Note that indexing GitLab data in Perceval does not index email addresses, probably because that's non-public PII which would require auth and specific permissions before being able to pull via the GitLab API would require auth, so what we get is only a random username:

"1234567890abcdef1234567890abcdef12345678": {
    "enrollments": [],
    "identities": [
        {
            "email": null,
            "id": "1234567890abcdef1234567890abcdef12345678",
            "name": "SomeName",
            "source": "gitlab",
            "username": "someusername",
            "uuid": "1234567890abcdef1234567890abcdef12345678"
        }
    ]
}

That means in contrast to Gerrit there is nothing that would allow identifying staff or non-volunteer GitLab accounts, as we only have a random username.
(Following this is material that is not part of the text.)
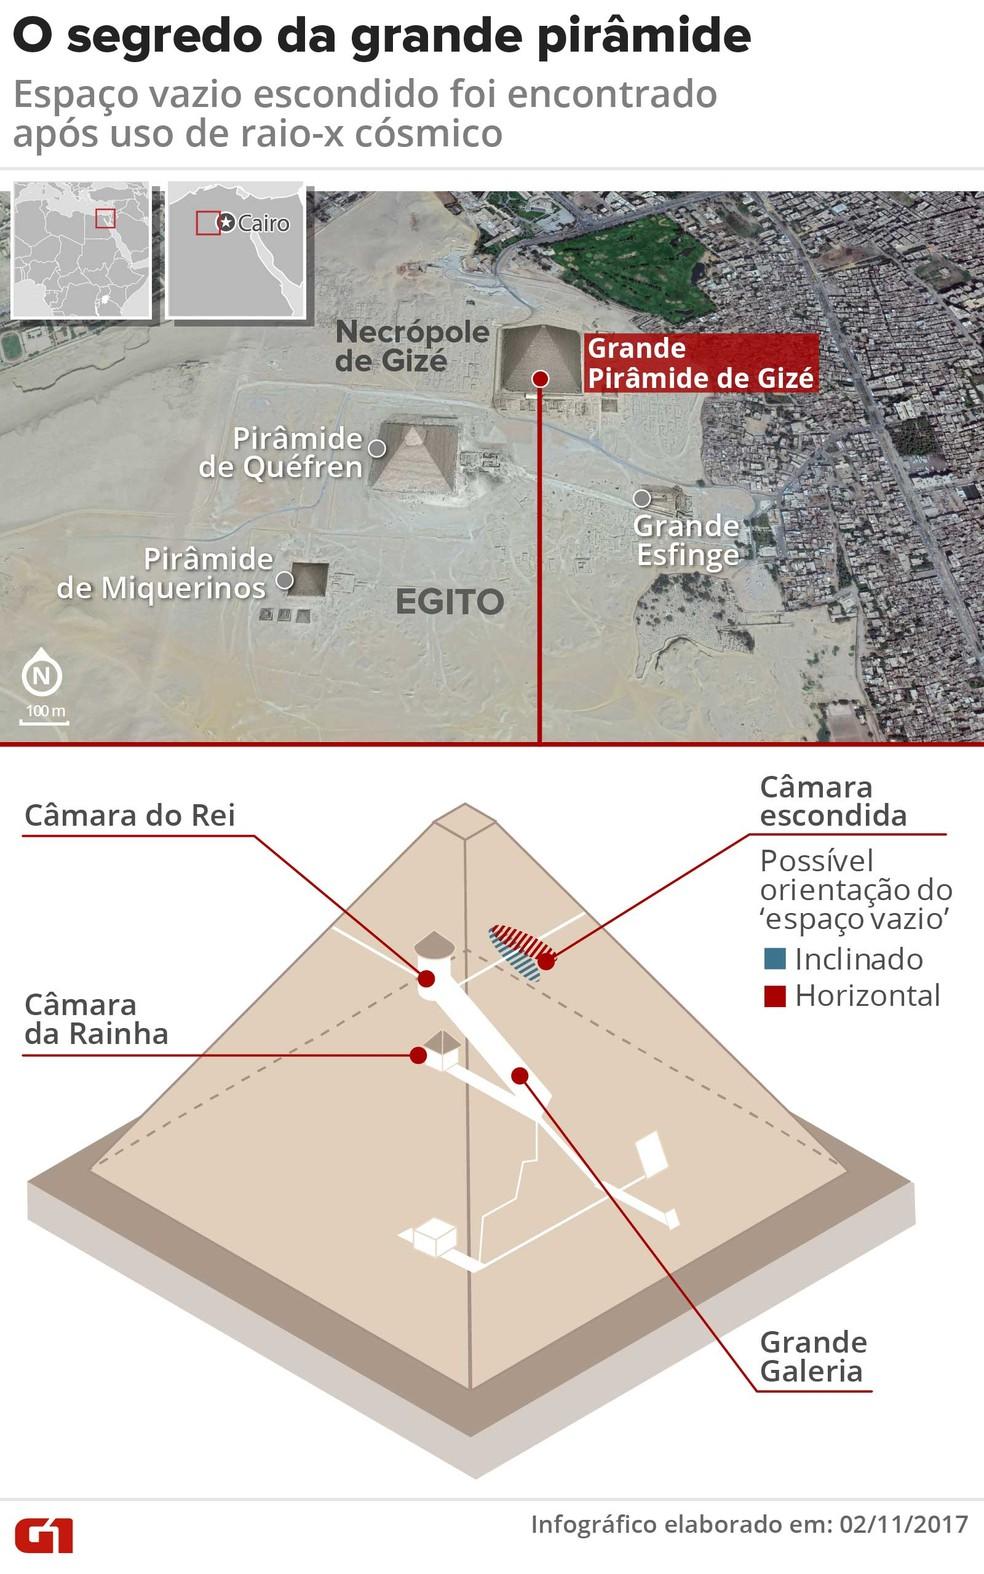 Grande pirâmide de Gizé: espaço vazio escondido foi encontrado após uso de raio-x cósmico (Foto: Betta Jaworski e Igor Estrella/G1)

This will mean that our affiliation stats will become more incorrect.

DB query to list accounts not marked as affiliated is SELECT CONCAT("https://wikimedia.biterg.io/identities/hatstall/", uuid), name, username, source FROM identities WHERE source = "gitlab" AND uuid NOT IN (SELECT uuid FROM enrollments) ORDER BY uuid; but as written in the previous comment this isn't much of a help.
https://www.mediawiki.org/w/index.php?title=User%3AAKlapper_%28WMF%29%2FBitergia_data_quality_queries&type=revision&diff=5181316&oldid=5061622

Closing this as I have my query documented and updated the DB.
Going to cover the bigger underlying problem in T306769#7875745 in separate task T306770: How to identify affiliation of indexed GitLab accounts.